Topic Suggestions for Millions of Repositories

We recently launched Topics, a new feature that lets you tag your repositories with descriptive words or phrases, making it easy to discover projects and explore GitHub.com. Topic suggestions on…

Kavita Ganesan·@kavgan

July 31, 2017

| 13 minutes

We recently launched Topics, a new feature that lets you tag your repositories with descriptive words or phrases, making it easy to discover projects and explore GitHub.com. Topic suggestions on public repositories, provides a quick way to add tags to repositories.

These suggestions are the result of recent data science work at GitHub. We applied concepts from text mining, natural language processing (NLP), and machine learning to build a topic extraction framework.

Solving the cold-start problem for topic suggestions

Because Topics is a brand new concept at GitHub, we started with no cues from users on what defined a topic and what type of topics they would typically add to their repositories. Given our focus on improving discoverability, internally we defined Topics as any “word or phrase that roughly describes the purpose of a repository and the type of content it encapsulates“. These can be words such as “data science”, “nlp”, “scikit-learn”, “clustering algorithm”, “jekyll plugin”, “css template”, or “python”.

While no tag or label-type feature existed prior to the start of this project, we did have a rich set of textual information to start from. At its core, GitHub is a platform for sharing software with other people, and some of the data typically found in a repository provides information to humans rather than instructions for computers. Repository names, descriptions, and READMEs are text that communicate functionality, use case, and features to human readers. That’s where we started.

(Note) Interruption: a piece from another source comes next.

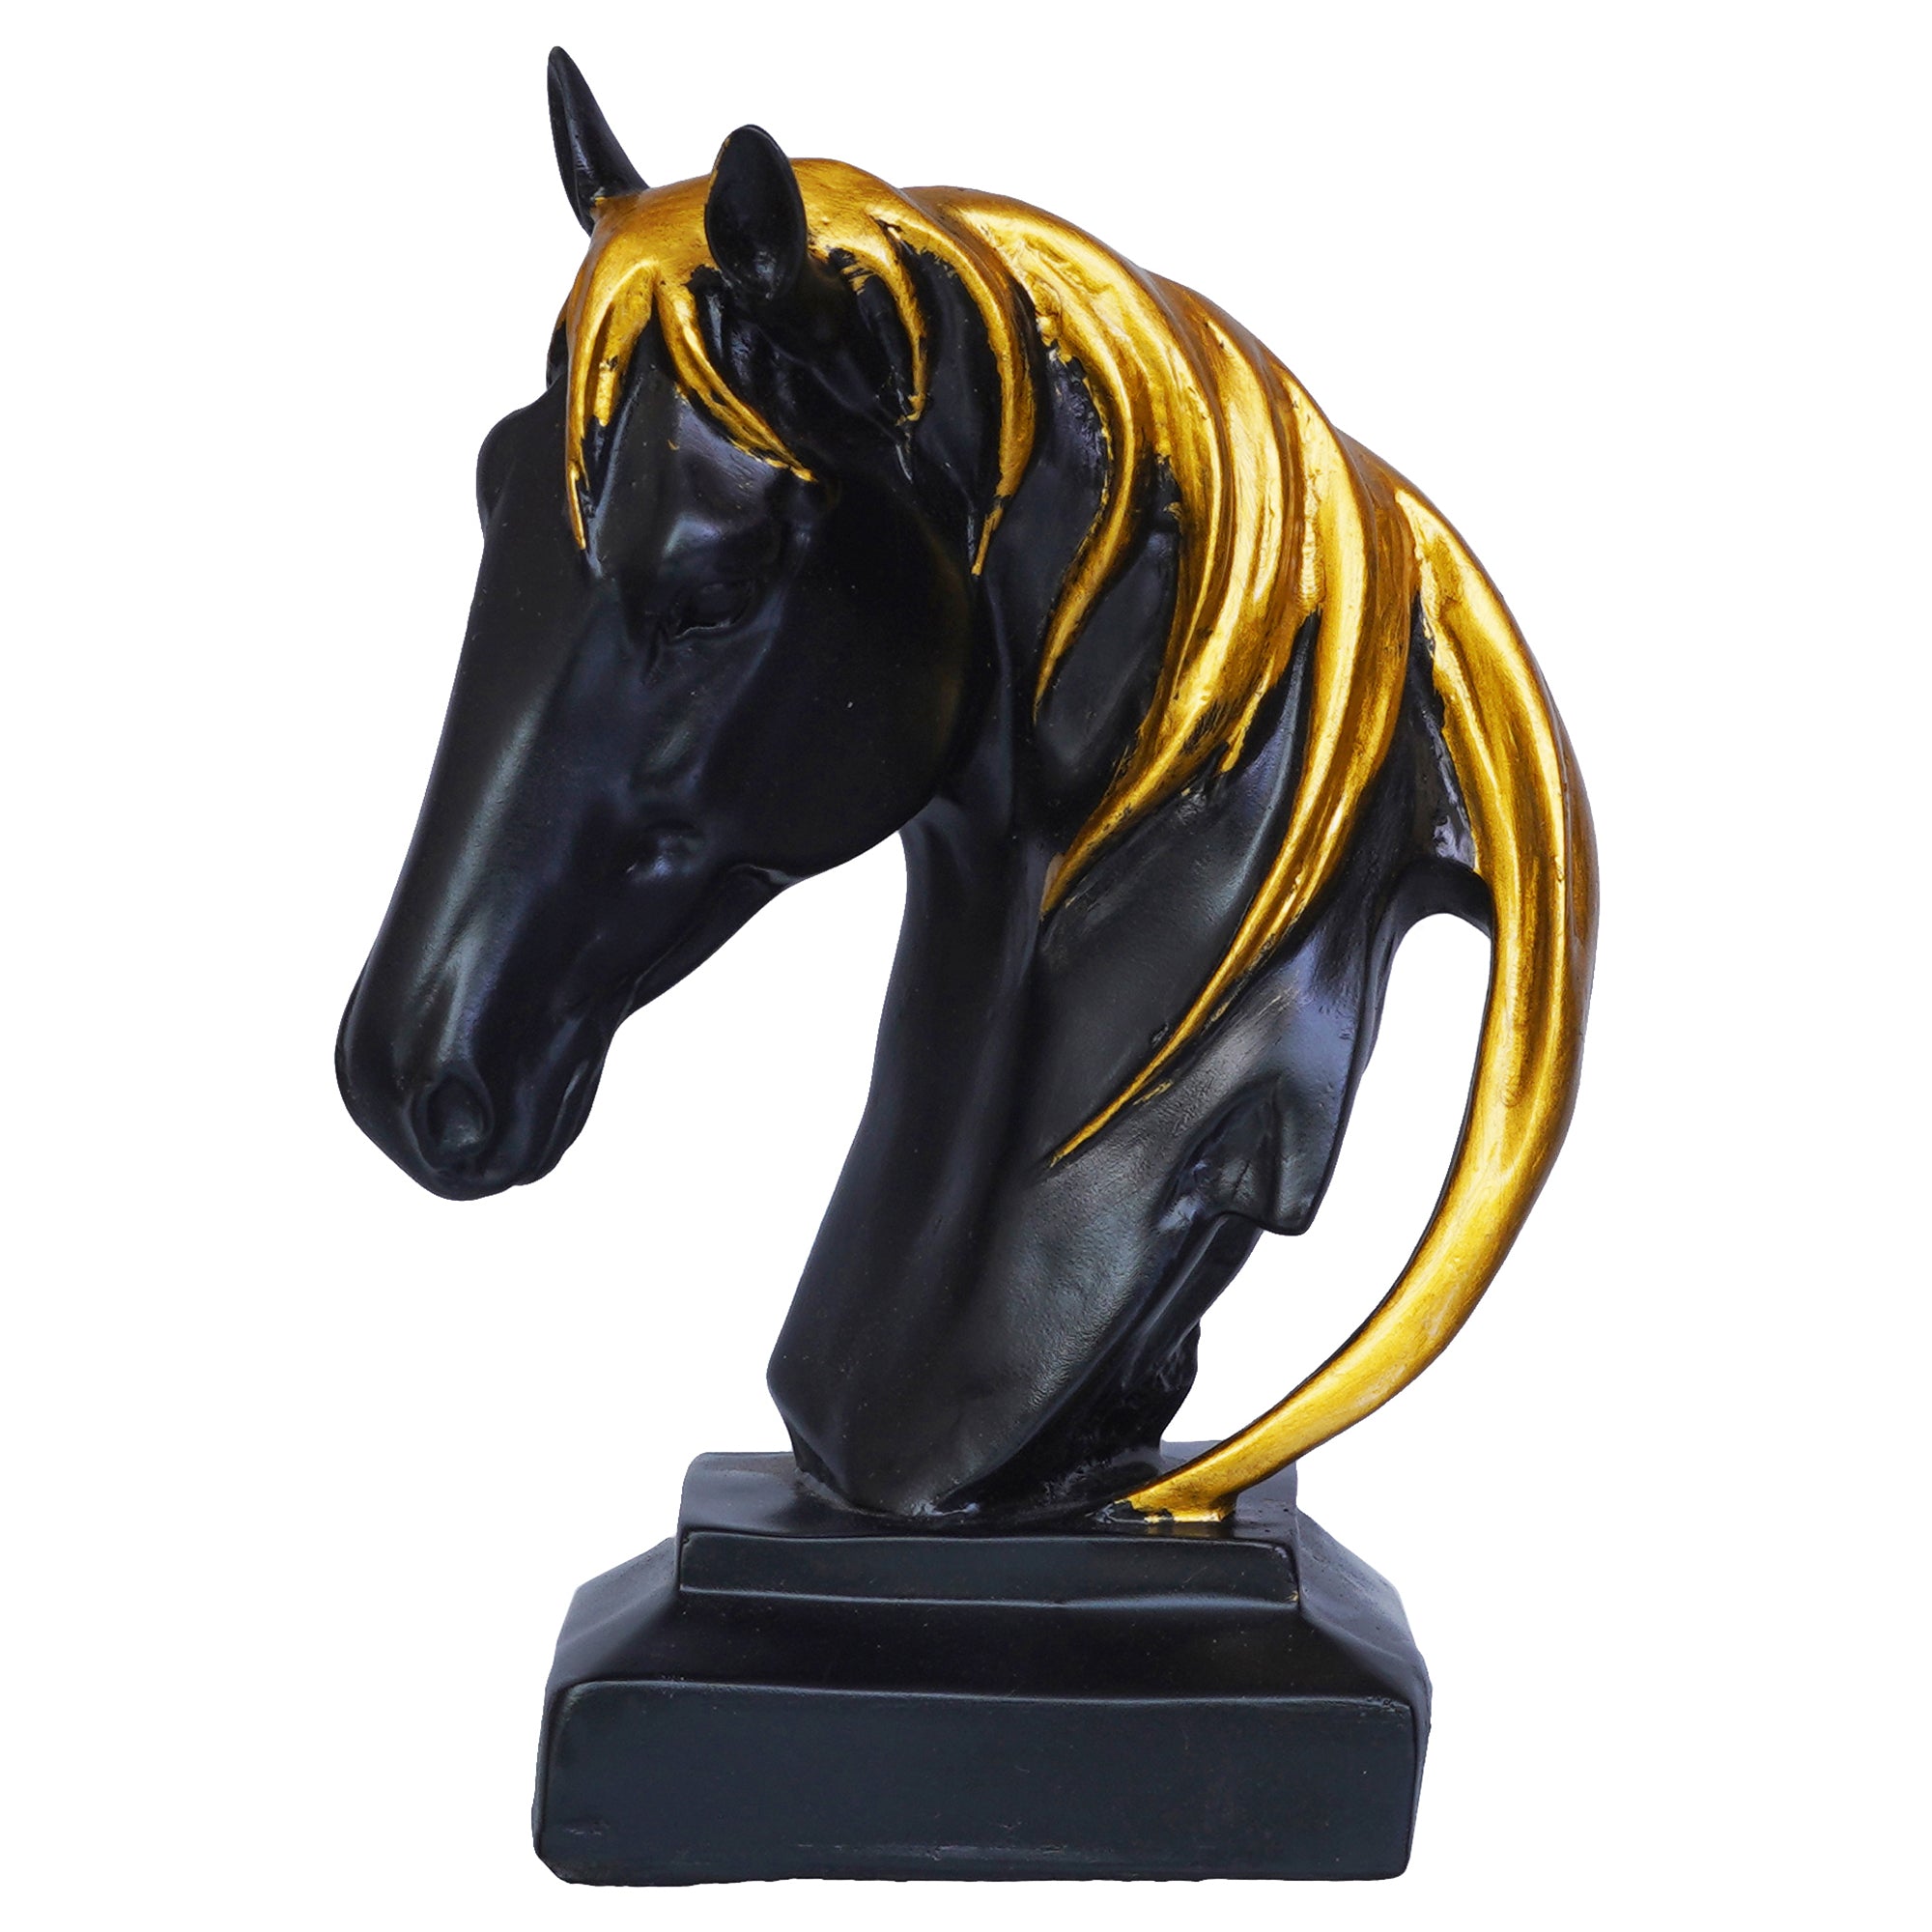 Black Horse Head Statue with Golden Hair Animal Figurine Showpiece 2

Repo-Topix: our topics extraction framework

We developed a topic extraction framework, called repo-topix, to learn from the human-readable text that users provide in repo names, descriptions, and READMEs written by developers about their projects by incorporating methods from text mining, NLP, and supervised machine learning. At a high level, repo-topix does three things:

Generates candidate topics from natural language text by incorporating data from millions of other repositories
Selects the best topics from the set of candidates
Finds similarities and relationships in topics to facilitate discoverability

Below, we describe each step of the repo-topix framework in greater technical detail.

flow

Generating candidate topics from natural language text

Preprocessing of READMEs

While README files within GitHub.com tend to be formatted using Markdown and reStructuredText with fairly lightweight formatting, there are certain sections such as code blocks, tables, and image links that are not useful for topic suggestions. For example, month names from within a table would not be useful to a user.

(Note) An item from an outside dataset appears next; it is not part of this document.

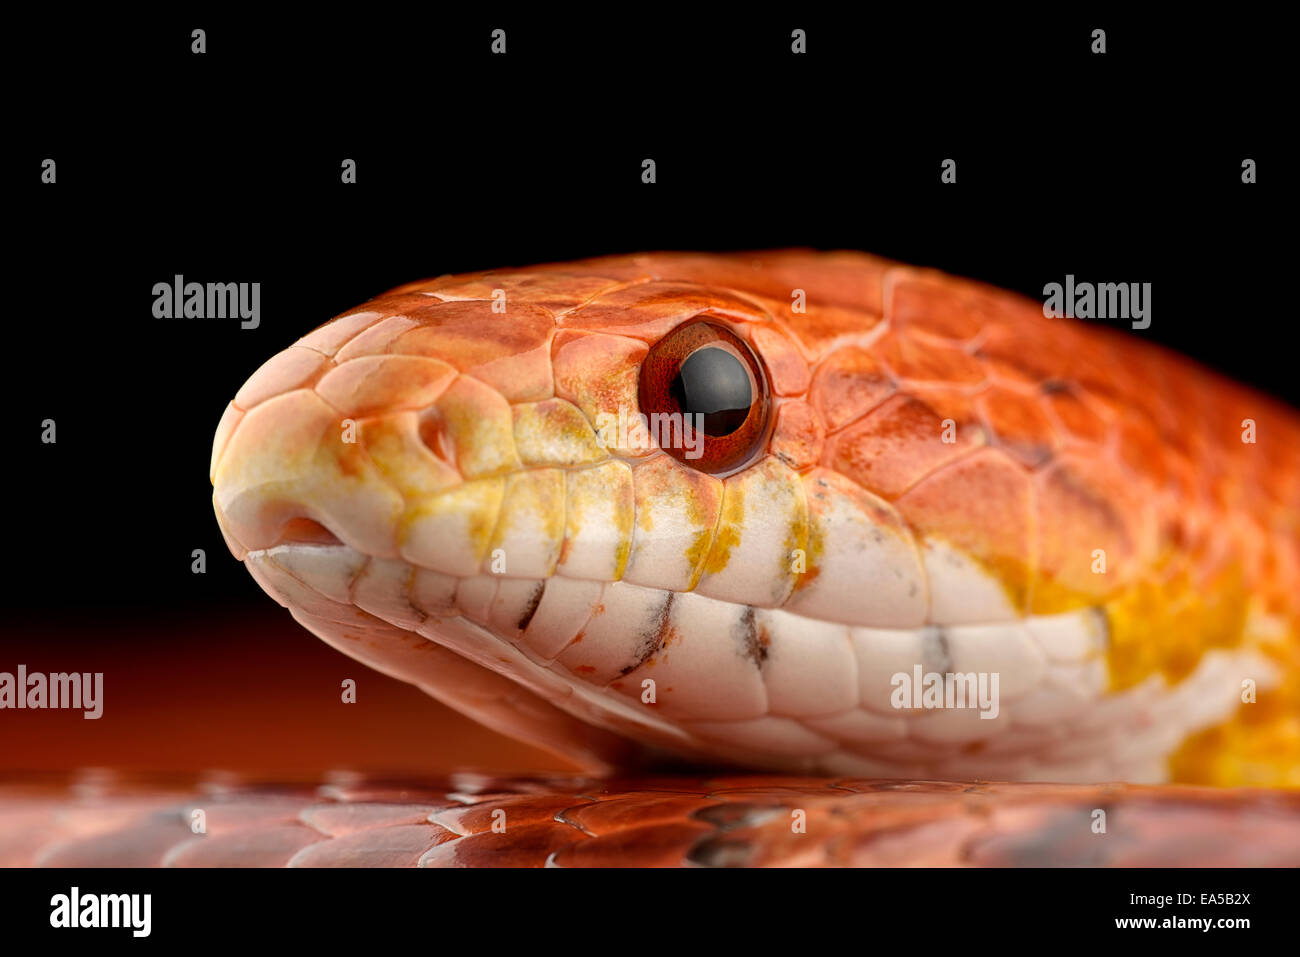 Head of corn snake, Pantherophis guttatus Stock Photo
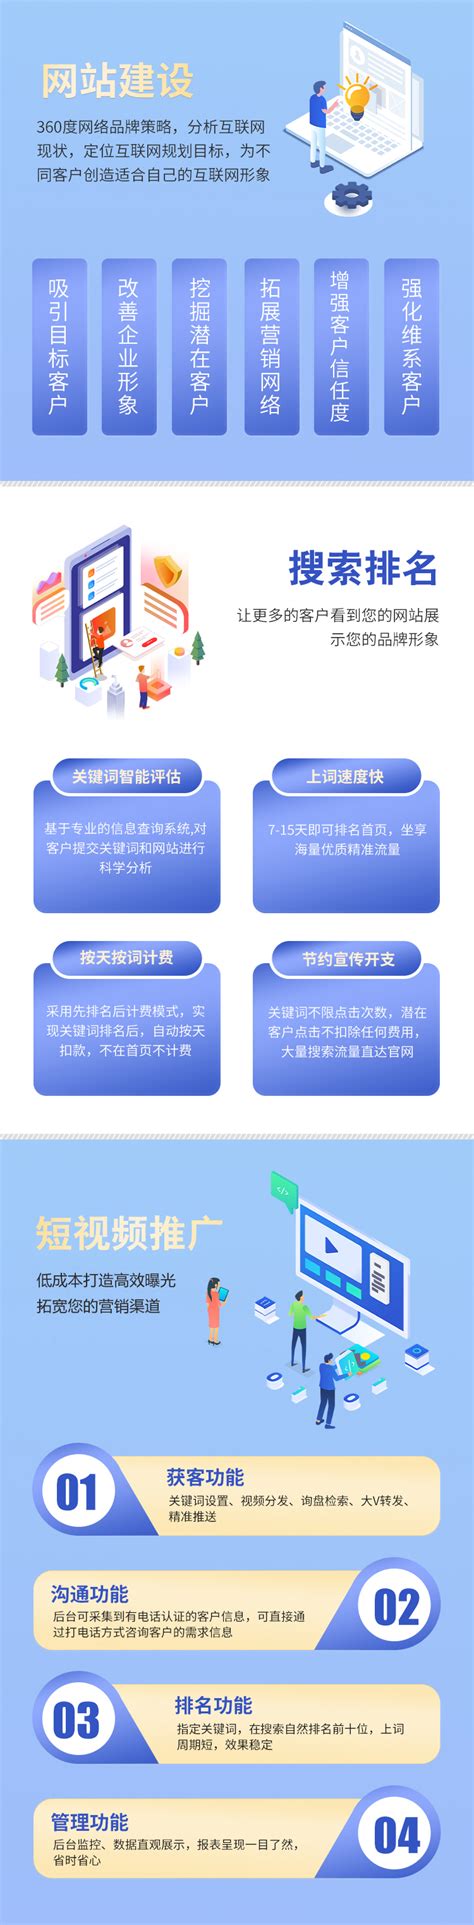 广东网站建设软件开发

To extract text sections of interest, we developed a heuristics-based README tagger that marks sections in the README file as relevant or non-relevant. This simple tagger uses common formatting cues such as indentation, spacing, and use of backticks to determine “noise sections” and “valid text sections”. The use of a grammar-based parser was unnecessary as we only care about useful text sections and regard everything else in a README as noise.

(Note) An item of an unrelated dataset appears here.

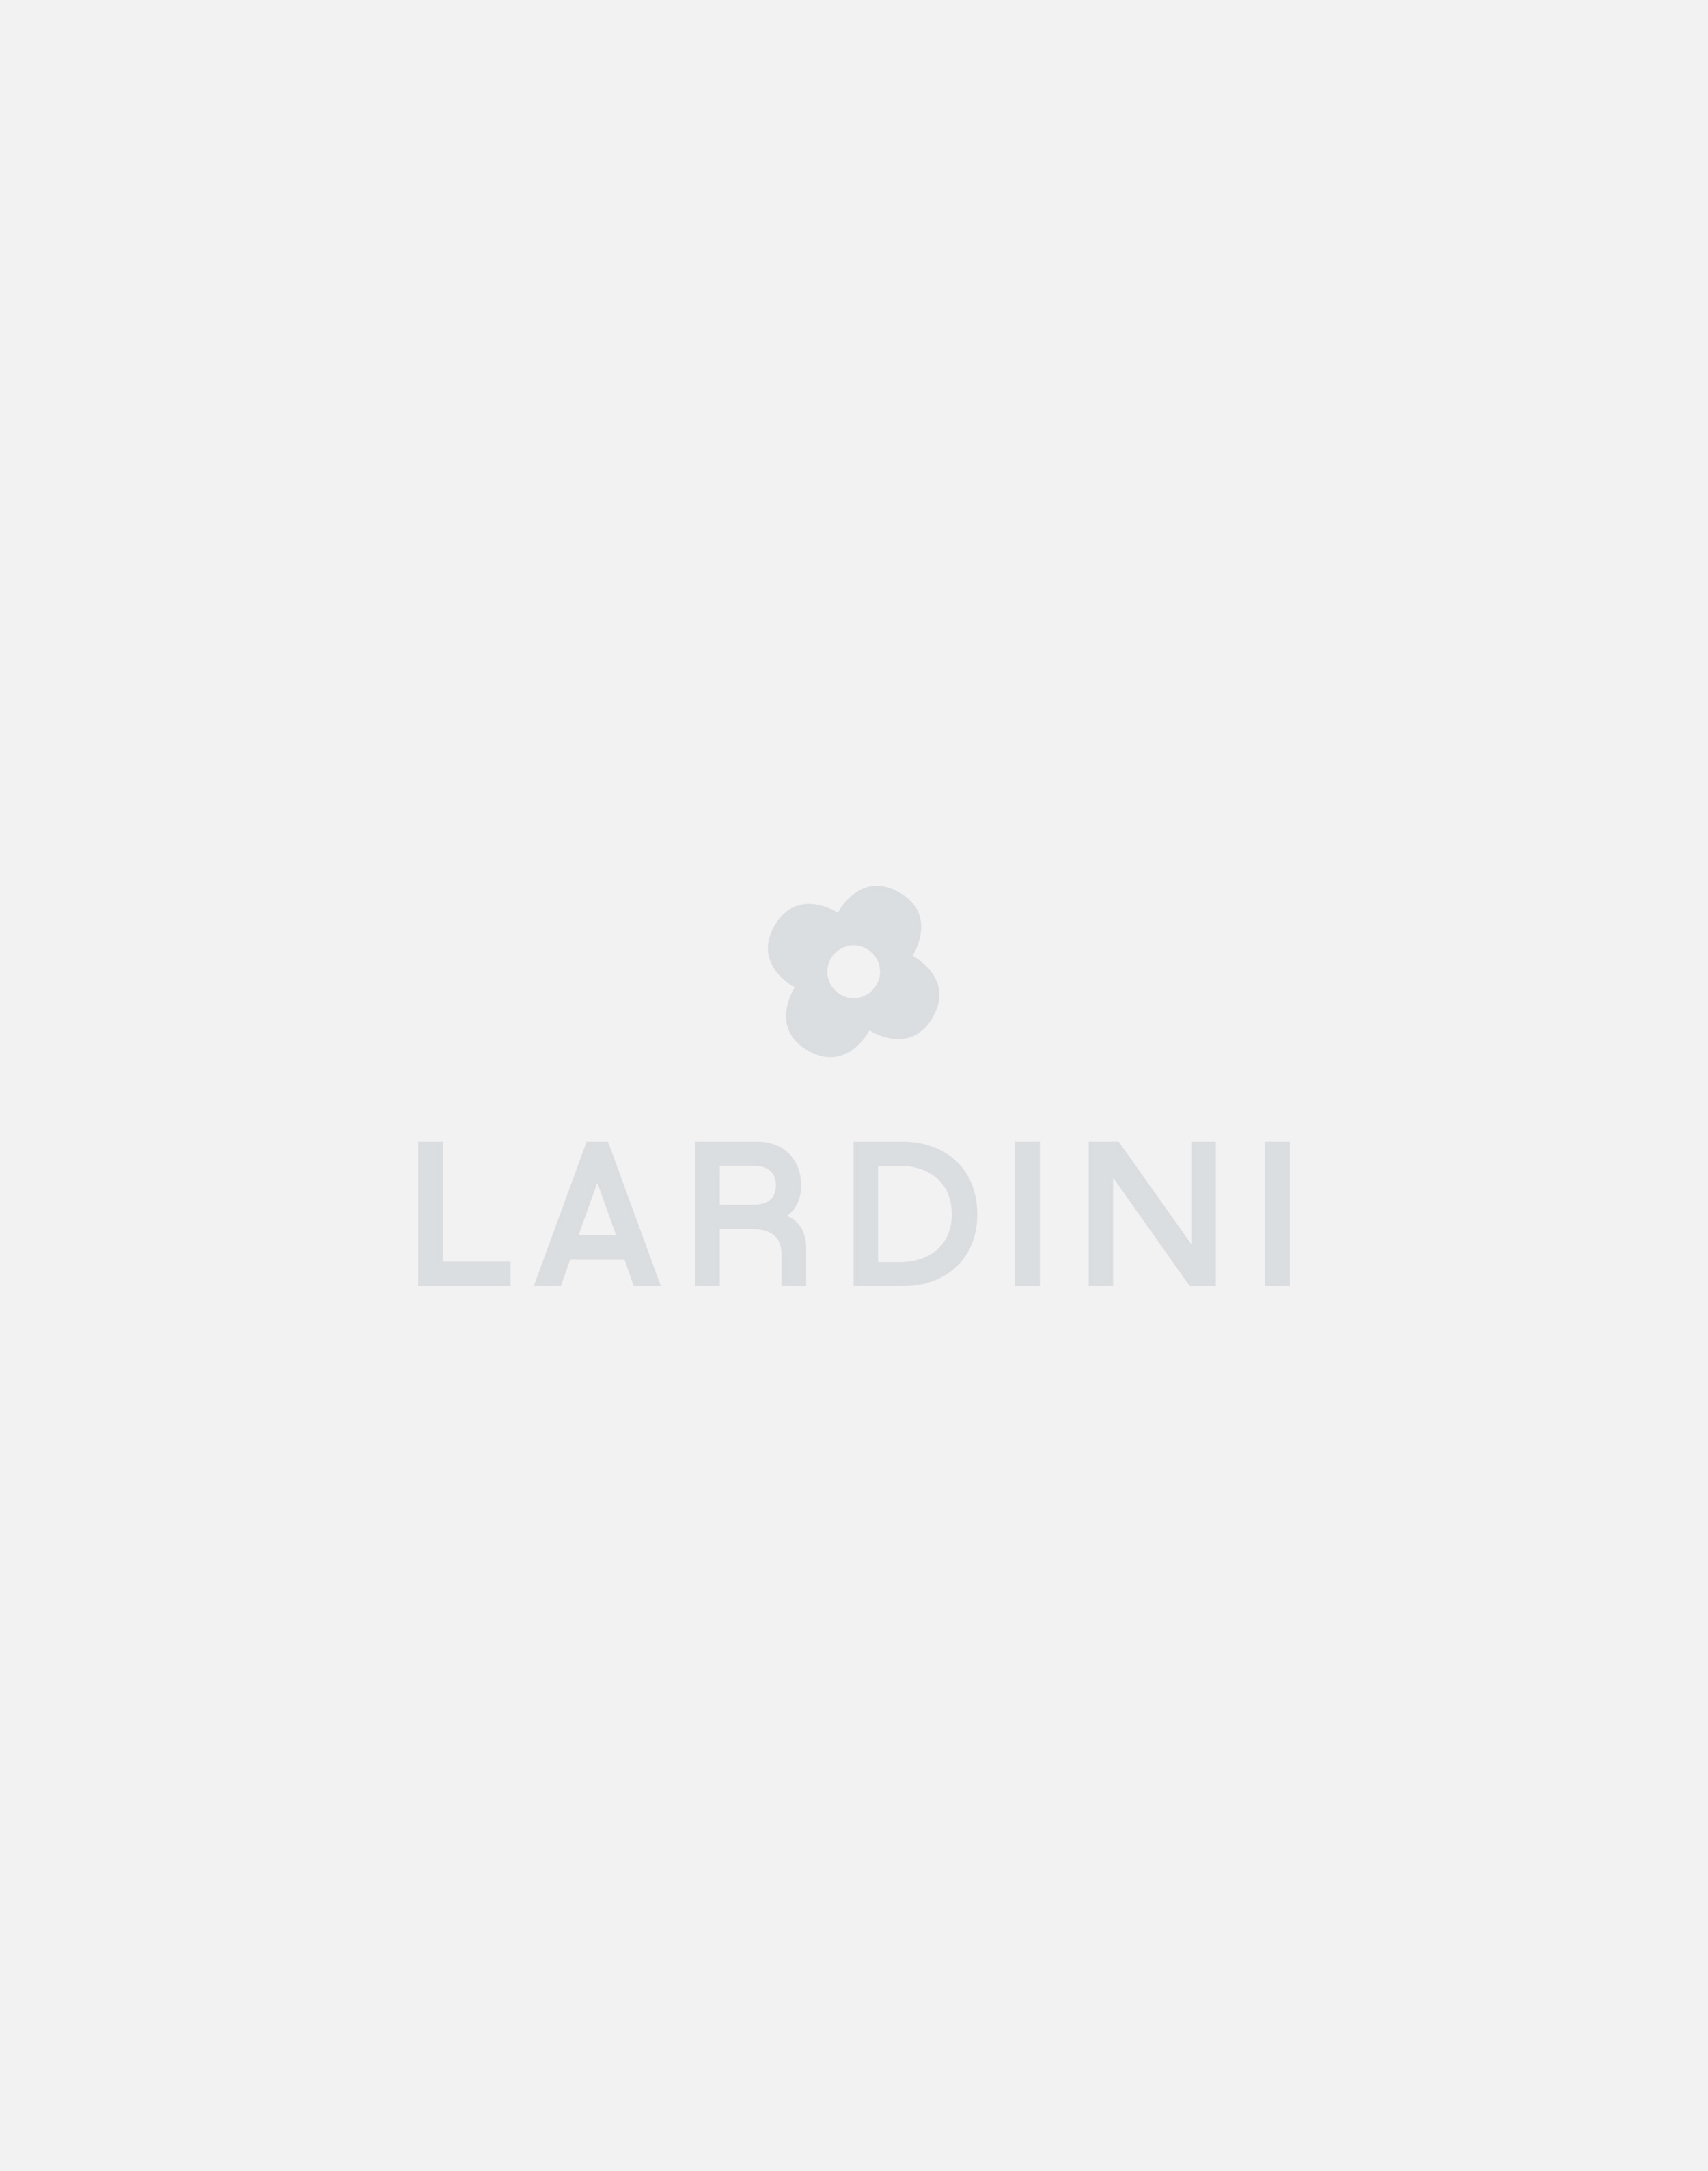 White cotton and linen cardigan - Luigi Lardini capsule 3

Once we extract text sections of interest, we perform basic cleanup to remove file extensions, HTML tags, paths, and hosts from further processing, as these are more distracting than useful. Finally, the remaining text gets segmented into coarse-grained units using punctuation marks as well as README section markers such as contiguous hash symbols.

Finding candidate topics

We use the cleaned text from the previous step to generate candidate topics by eliminating low-information words and breaking the remaining text into strings of one or multiple consecutive words, called n-grams. Like any text, our sources contain many words that are so common that they do not contain distinguishing information. Called stop words, these typically include determiners like “is”, “the”, “are”, conjunctions like “and,”, “but”, and “yet”, and so on. Given our specialized domain, we created a custom stop word list that included words that are practically ubiquitous in our source text; for example, “push”, “pull”, “software”, “tool”, “var”, “val”, and “package.” The custom stop word list provides an efficient way to finding potential topics, as we simply take the resulting phrases left between eliminated words. For example, “this open source software is used for web scraping and search” produces three candidate topics: 1. “open source,” 2. “web scraping,” 3. “search”. This process eliminates the need for brute-force n-gram generation which could end up producing a large number of n-grams depending the length of the README files being processed. After testing internally among GitHub staff, we found that n-grams made up of many words tended to be too specific (e.g. “machine-learning-tutorial-part-1-intro”), so we limit candidate topics to n-grams of size 4 or less.

Selecting best topics

Eliminating low quality topics

While some of the generated word units in the previous step would be meaningful as topics, some could also be plain noise. We have a few strategies for pruning noise and unpromising candidate topics. The first is simply to eliminate phrases with low frequency counts. For example, if we had the following candidates with their corresponding counts, we could eliminate some of the low frequency topics:

machine learning tutorial part 1 (1)
machine learning (5)
beginners data science course (1)
topic modeling (3)

From the above, we could easily eliminate topics that don’t satisfy a minimum frequency count threshold. However, this method doesn’t prune out topics with unwanted grammatical structure or word composition. For example, words and phrases like “great”, “cool”, “running slowly”, “performing operations”, “install database” and “@kavgan” (a GitHub handle) are not great topics for a repository. To aggressively prune out these keywords, we developed a supervised logistic regression model, trained to classify a topic as “good” (positive) or “bad” (negative). We call this the keyword filtering model.
We manually gathered about 300 training examples balanced across the positive (good topics) and negative (bad topics) categories. Because of this manual process with no input from users, our training data is actually fairly small. While it’s possible to learn from the actual words that make up a topic when you have a very large training set, with limited training data we used features that draw on the meta-information of the training examples so that our model does not just memorize specific words. For instance, one of the features we used was the part-of-speech usage within topics. If the model learns that single word verbs are often considered bad topics, the next time it sees such an occurrence, it would help eliminate such words from further consideration. Other features we used were occurrence of user names, n-gram size of a phrase, length of a phrase, and numeric content within a phrase. Our classifier is tuned for high recall in order to keep as many phrases as possible and prune obviously incorrect ones.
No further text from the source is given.